**Instructions to follow**: Word for word, copy the entire listing below, but do not carry over any pictures.

**Dataset section**:
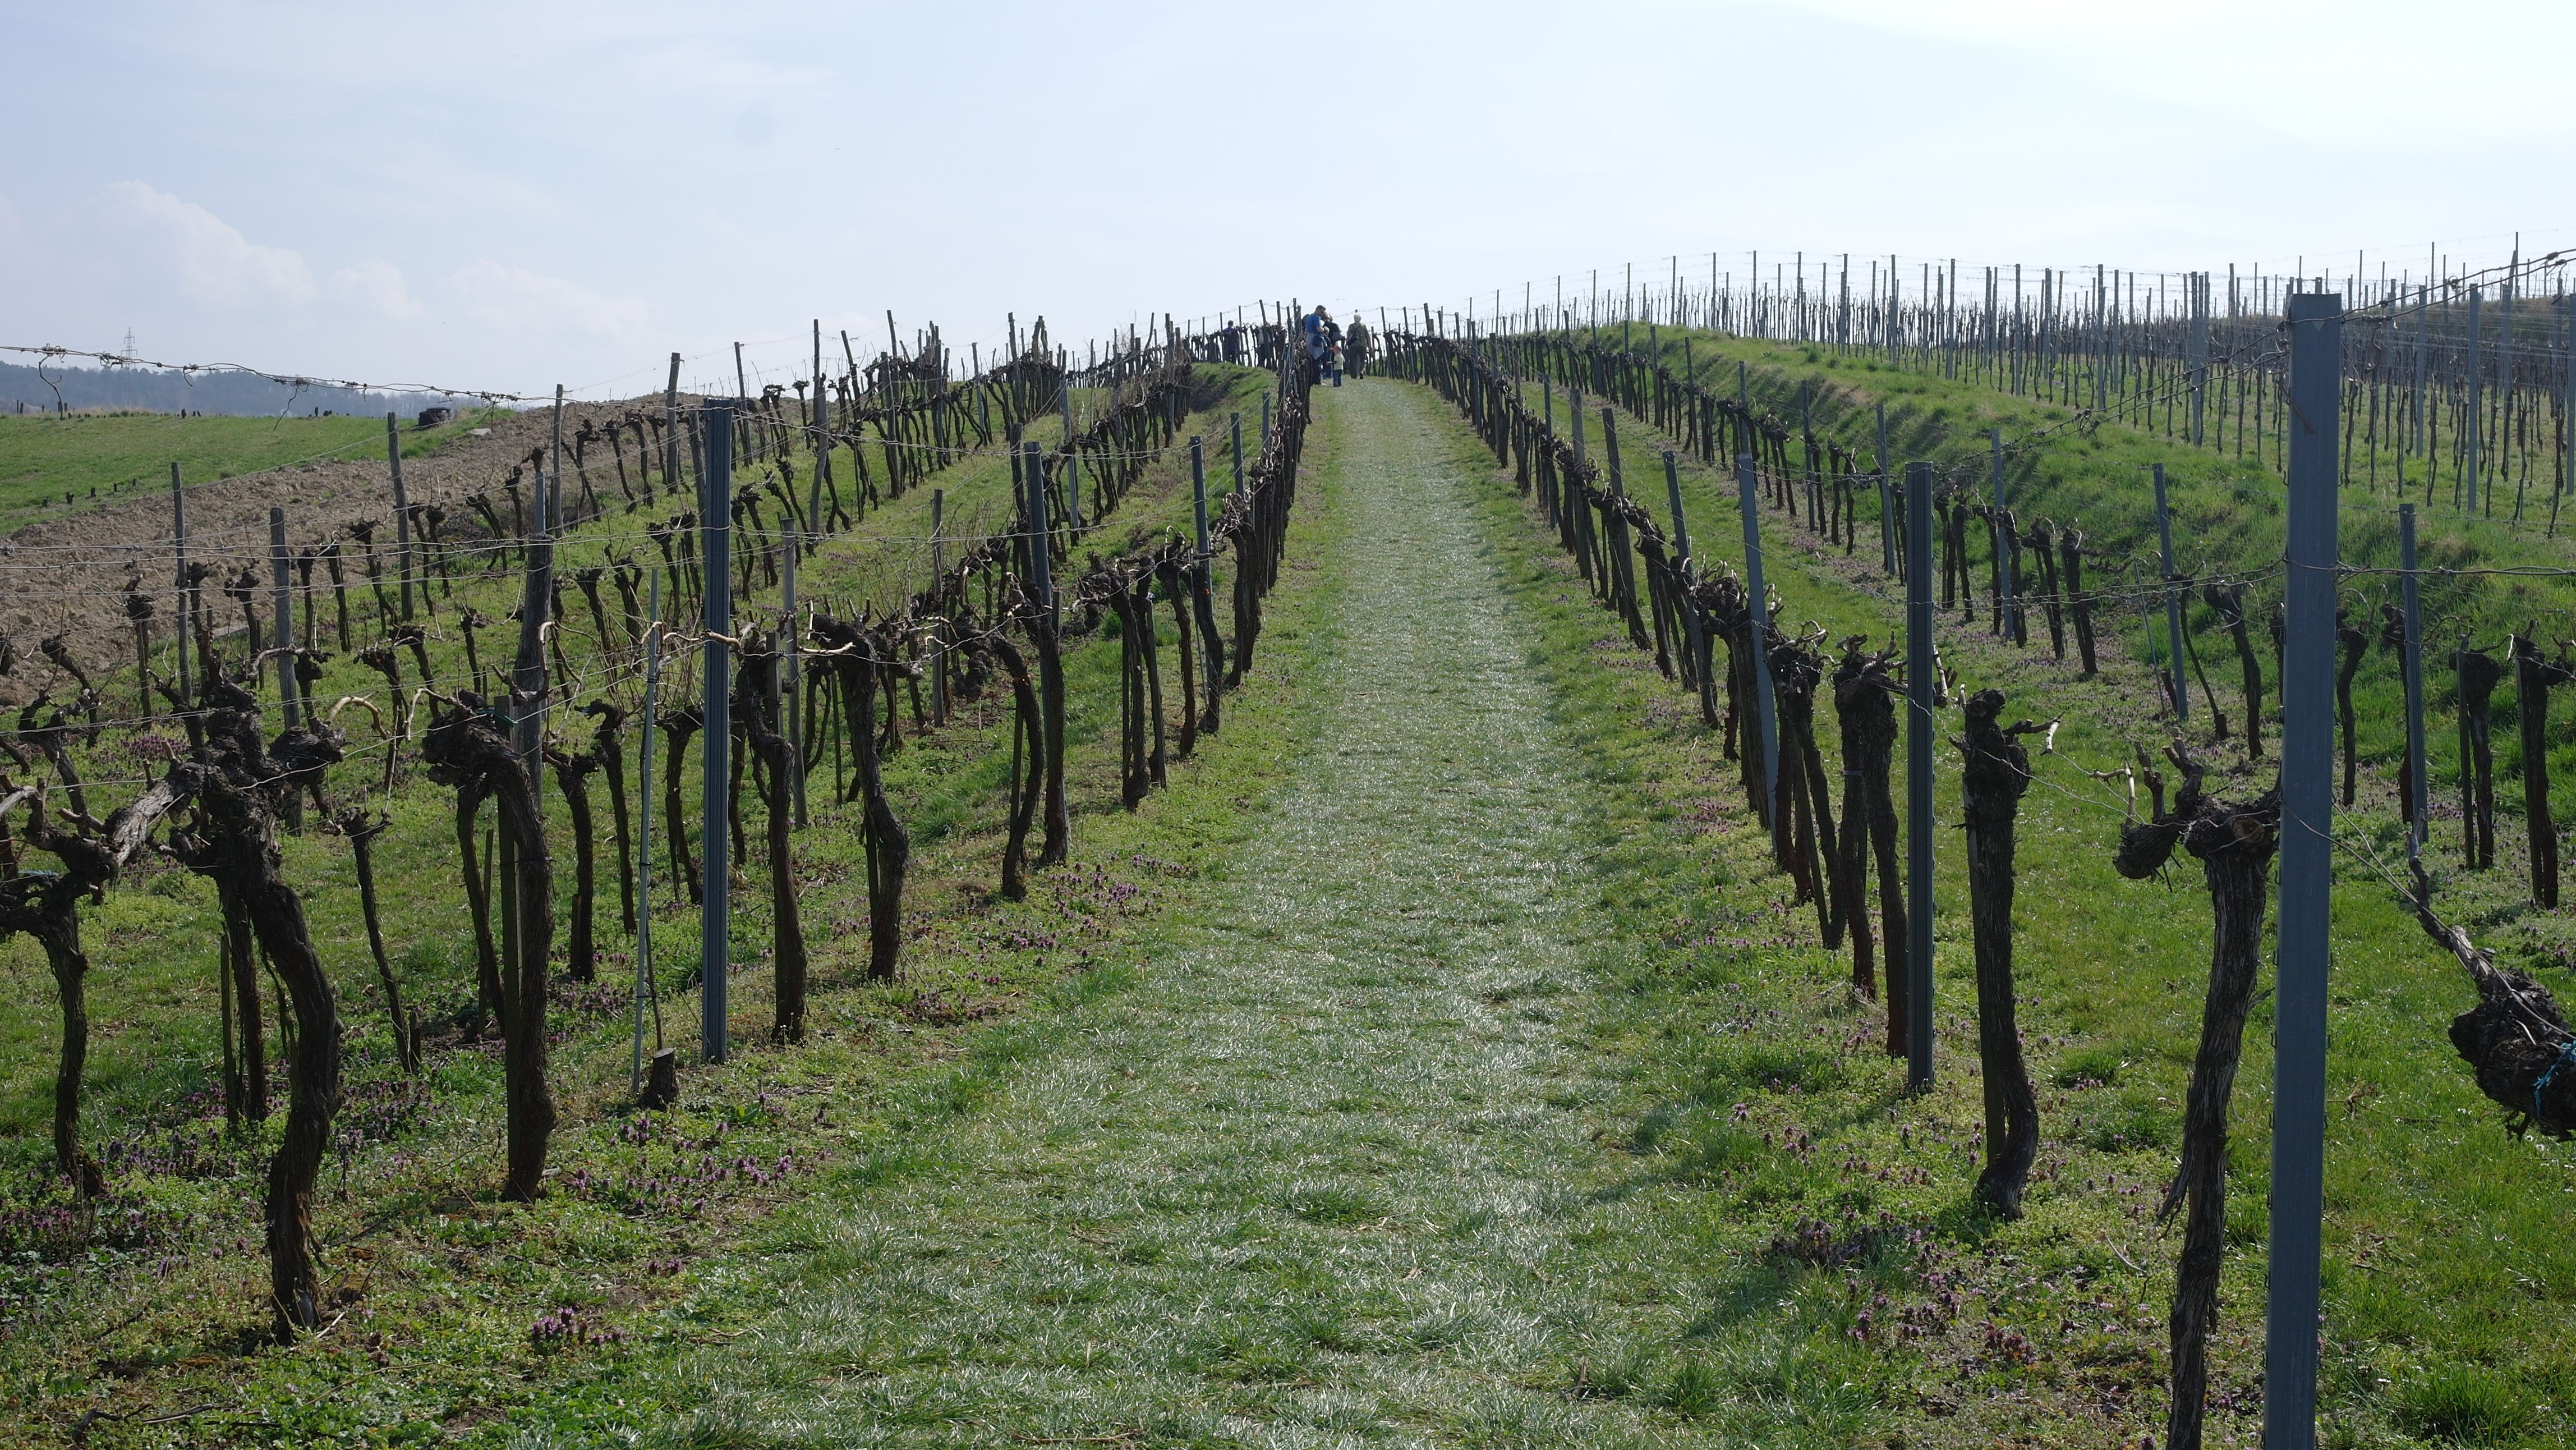 #austria #wachau #vine #vinery #vineyard #winery
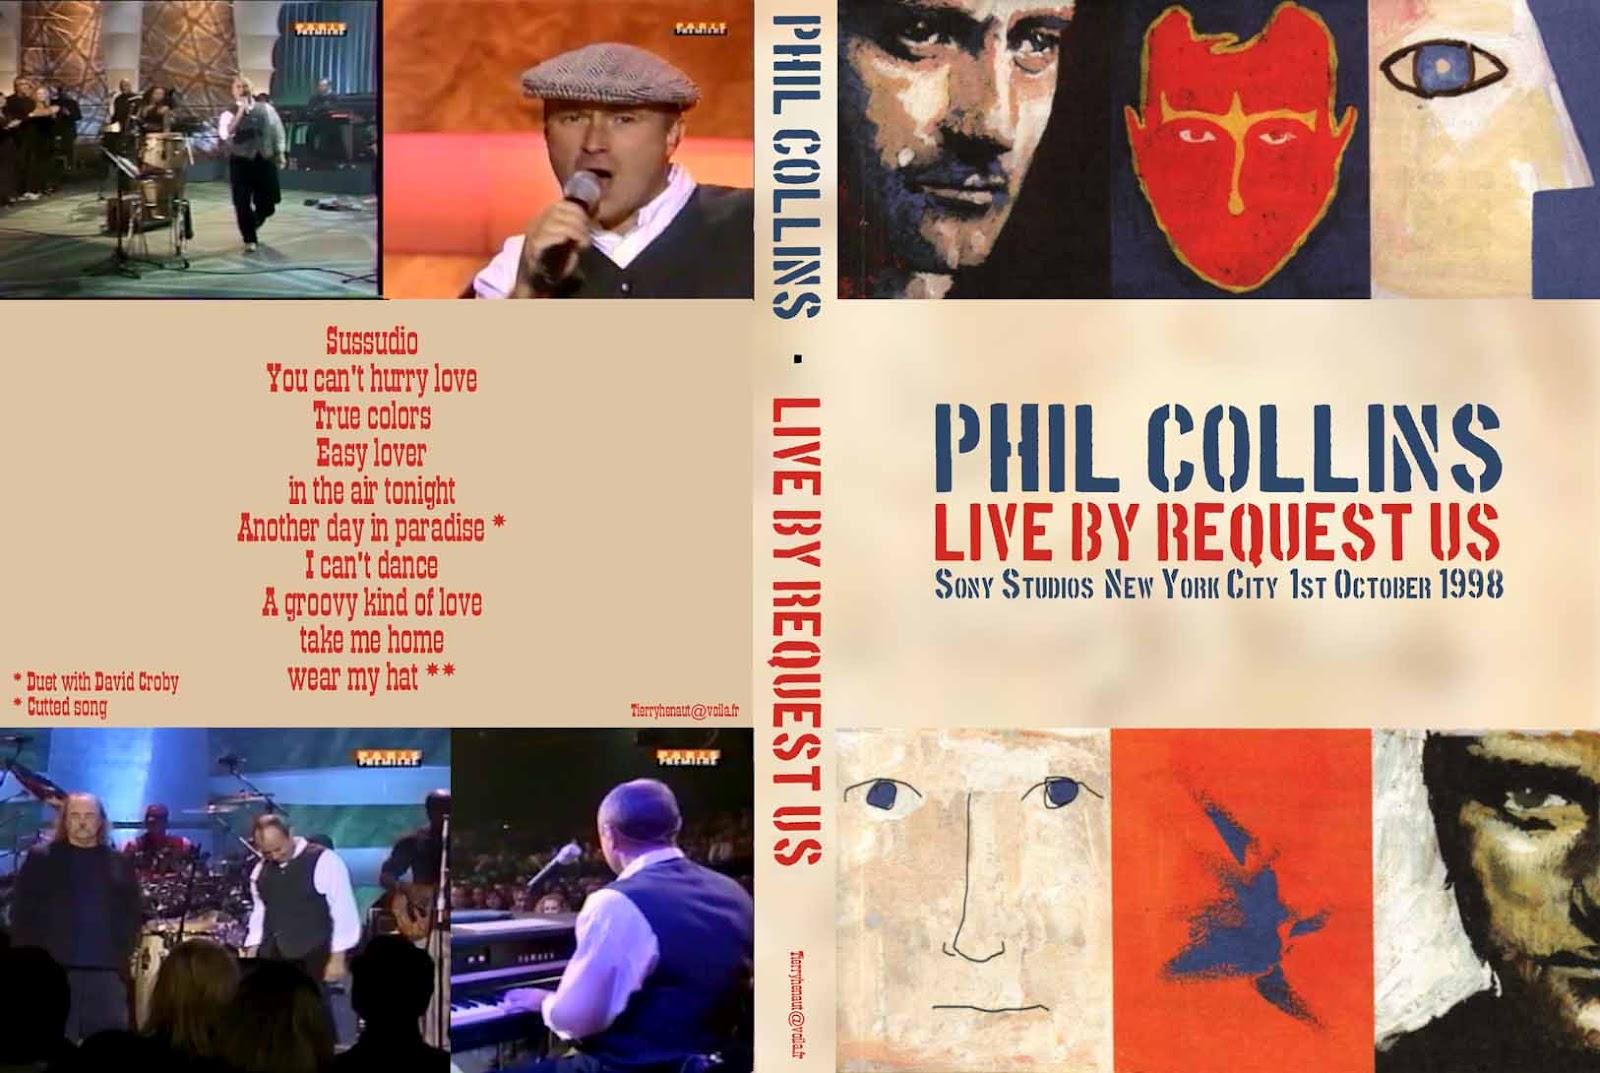 http://1.bp.blogspot.com/-cf3l7F3rYFY/T-k_GBC4waI/AAAAAAAAGds/pAncevxnUw0/s1600/DVD+Cover+-+Phil+Collins+-+Live+By+Request+1998.jpg
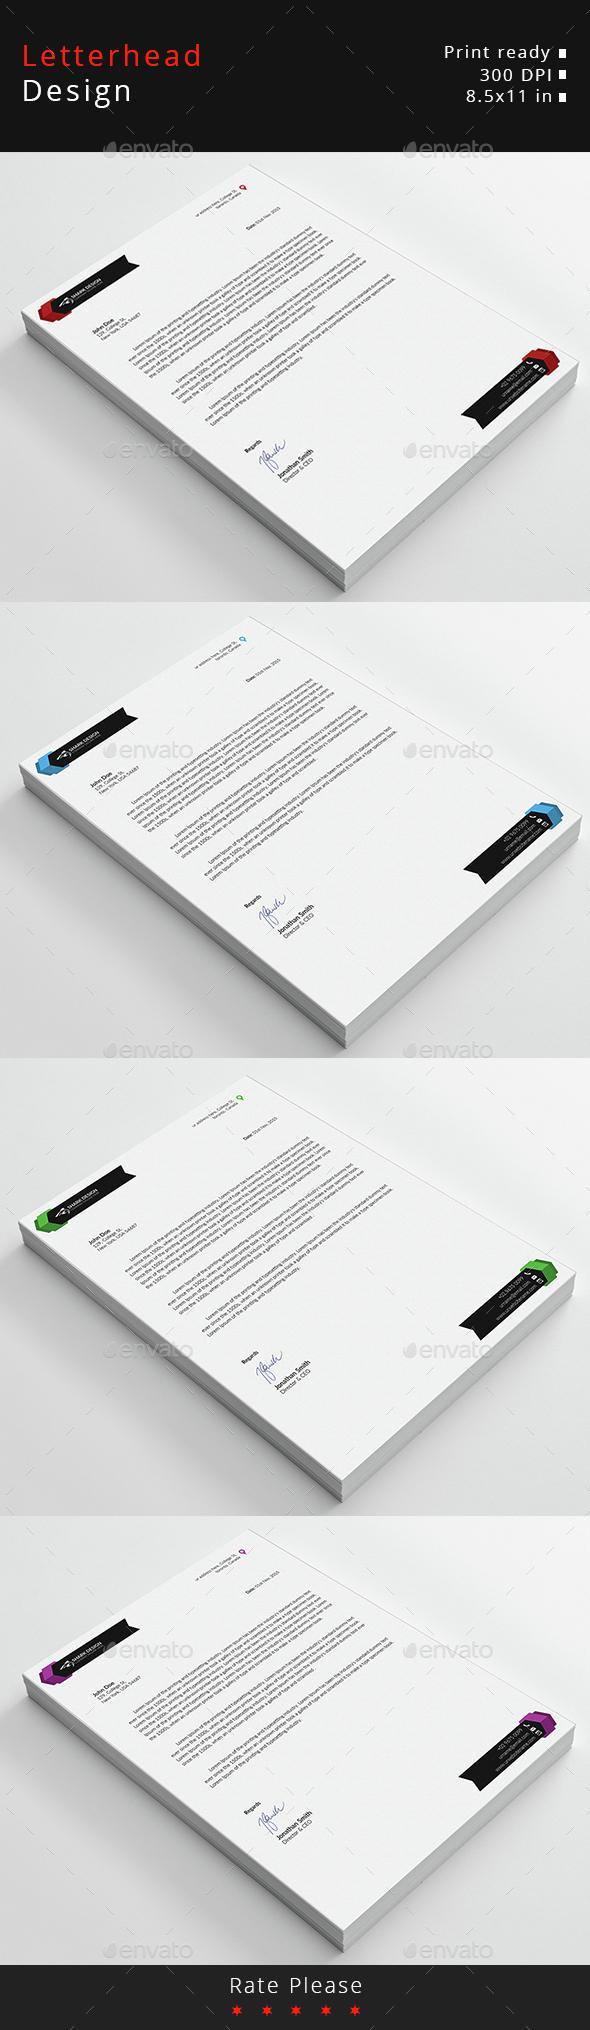 Letterhead design design templates from graphicriver spiritdancerdesigns Gallery

**Task solution**:
 #austria #wachau #vine #vinery #vineyard #winery
 http://1.bp.blogspot.com/-cf3l7F3rYFY/T-k_GBC4waI/AAAAAAAAGds/pAncevxnUw0/s1600/DVD+Cover+-+Phil+Collins+-+Live+By+Request+1998.jpg
 Letterhead design design templates from graphicriver spiritdancerdesigns Gallery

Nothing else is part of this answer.